We can now attempt to run some code, place the following code in a plain text file, call it `example.py`

import tensorflow as tf
import tensorflow_datasets as tfds

(ds_train, ds_test), ds_info = tfds.load(
    'mnist',
    split=['train', 'test'],
    shuffle_files=True,
    as_supervised=True,
    with_info=True,
)

# training pipeline
def normalize_img(image, label):
  """Normalizes images: `uint8` -> `float32`."""
  return tf.cast(image, tf.float32) / 255., label

ds_train = ds_train.map(
    normalize_img, num_parallel_calls=tf.data.AUTOTUNE)
ds_train = ds_train.cache()
ds_train = ds_train.shuffle(ds_info.splits['train'].num_examples)
ds_train = ds_train.batch(128)
ds_train = ds_train.prefetch(tf.data.AUTOTUNE)

# Evaluation pipeline
ds_test = ds_test.map(
    normalize_img, num_parallel_calls=tf.data.AUTOTUNE)
ds_test = ds_test.batch(128)
ds_test = ds_test.cache()
ds_test = ds_test.prefetch(tf.data.AUTOTUNE)

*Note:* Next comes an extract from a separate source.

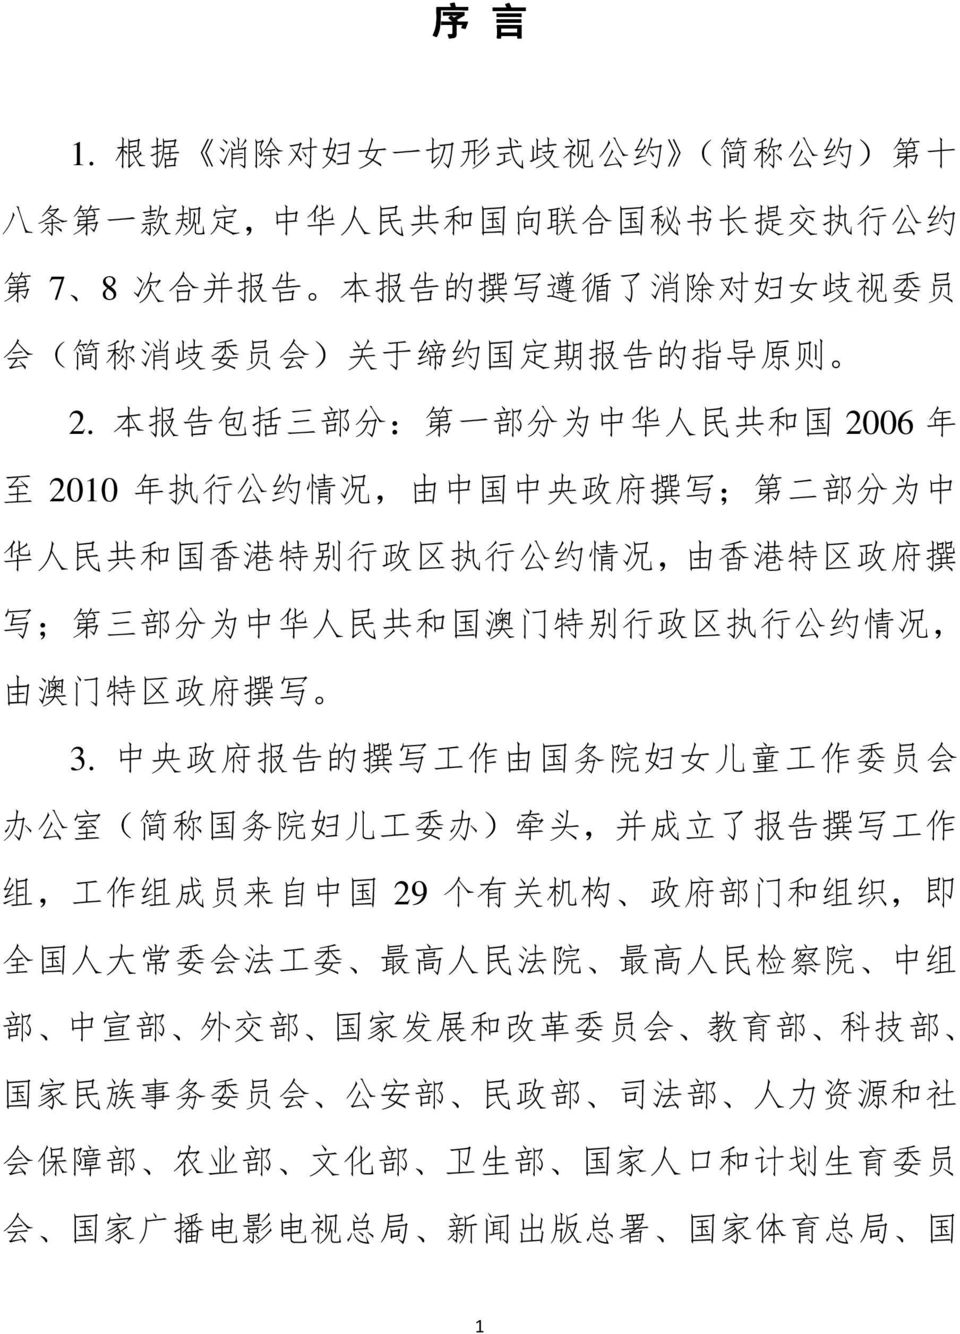 则 2. 本 报 告 包 括 三 部 分 : 第 一 部 分 为 中 华 人 民 共 和 国 2006 年 至 2010 年 执 行 公 约 情 况, 由 中 国 中 央 政 府 撰 写 ; 第 二 部 分 为 中 华 人 民 共 和 国 香 港 特 别 行 政 区 执 行 公 约 情 况, 由 香 港 特 区 政 府 撰 写 ; 第 三 部 分 为 中 华 人 民 共 和 国 澳 门 特 别

# Create and train the model: 
model = tf.keras.models.Sequential([
  tf.keras.layers.Flatten(input_shape=(28, 28)),
  tf.keras.layers.Dense(128, activation='relu'),
  tf.keras.layers.Dense(10)
])
model.compile(
    optimizer=tf.keras.optimizers.Adam(0.001),
    loss=tf.keras.losses.SparseCategoricalCrossentropy(from_logits=True),
    metrics=[tf.keras.metrics.SparseCategoricalAccuracy()],
)
 
model.fit(
    ds_train,
    epochs=6,
    validation_data=ds_test,
)

And now we can test it:

 $ python  example.py
  ...
 Epoch 1/6 
 469/469 [==============================] - 3s 2ms/step - loss: 0.3494 - sparse_categorical_accuracy: 0.9040 - val_loss: 0.1970 - 
 val_sparse_categorical_accuracy: 0.9431
 Epoch 2/6
 469/469 [==============================] - 1s 2ms/step - loss: 0.1655 - sparse_categorical_accuracy: 0.9530 - val_loss: 0.1394 - 
 val_sparse_categorical_accuracy: 0.9576
 Epoch 3/6
 469/469 [==============================] - 1s 2ms/step - loss: 0.1189 - sparse_categorical_accuracy: 0.9660 - val_loss: 0.1096 - 
 val_sparse_categorical_accuracy: 0.9666
 ...
 Epoch 6/6
 469/469 [==============================] - 1s 2ms/step - loss: 0.0599 - sparse_categorical_accuracy: 0.9827 - val_loss: 0.0775 - 
 val_sparse_categorical_accuracy: 0.9769

We have run tensorflow+Keras on the MNIST dataset, with a final accuract of 98%.

Watch Tensoflow Demo

Pytorch logo.png

PyTorch GPU VM Usage

We will run the MNIST example from the PyTorch documentation available here: [3]. Once you have logged in, there are instructions on how to activate the PyTorch Conda based virtualenv environment.

 $ conda activate pt

Once this is activated, we can now retreive the python code for the example, place it in a directory and run it:

 $ mkdir mnist    # creating a working dir
 $ cd  mnist      # changing directory to the working dir
 $ wget https://raw.githubusercontent.com/pytorch/examples/refs/heads/main/mnist/main.py

and finally, we are ready to run it:

 $ python  main.py
  Downloading https://ossci-datasets.s3.amazonaws.com/mnist/t10k-labels-idx1-ubyte.gz
  Downloading https://ossci-datasets.s3.amazonaws.com/mnist/t10k-labels-idx1-ubyte.gz to ../data/MNIST/raw/t10k-labels-idx1-ubyte.gz
  100.0%
  Extracting ../data/MNIST/raw/t10k-labels-idx1-ubyte.gz to ../data/MNIST/raw
  Train Epoch: 1 [0/60000 (0%)]	Loss: 2.277304
  Train Epoch: 1 [640/60000 (1%)]	Loss: 1.823465
  ...
  Train Epoch: 14 [58880/60000 (98%)]	Loss: 0.013244
  Train Epoch: 14 [59520/60000 (99%)]	Loss: 0.000718
  Test set: Average loss: 0.0268, Accuracy: 9918/10000 (99%)

This code downloads some training MNIST data, runs a convolutional neural network based training, and gives a summary of the accuracy at the end 99%). There is no need to install PyTorch since its aready preconfigured in the `pt` environment.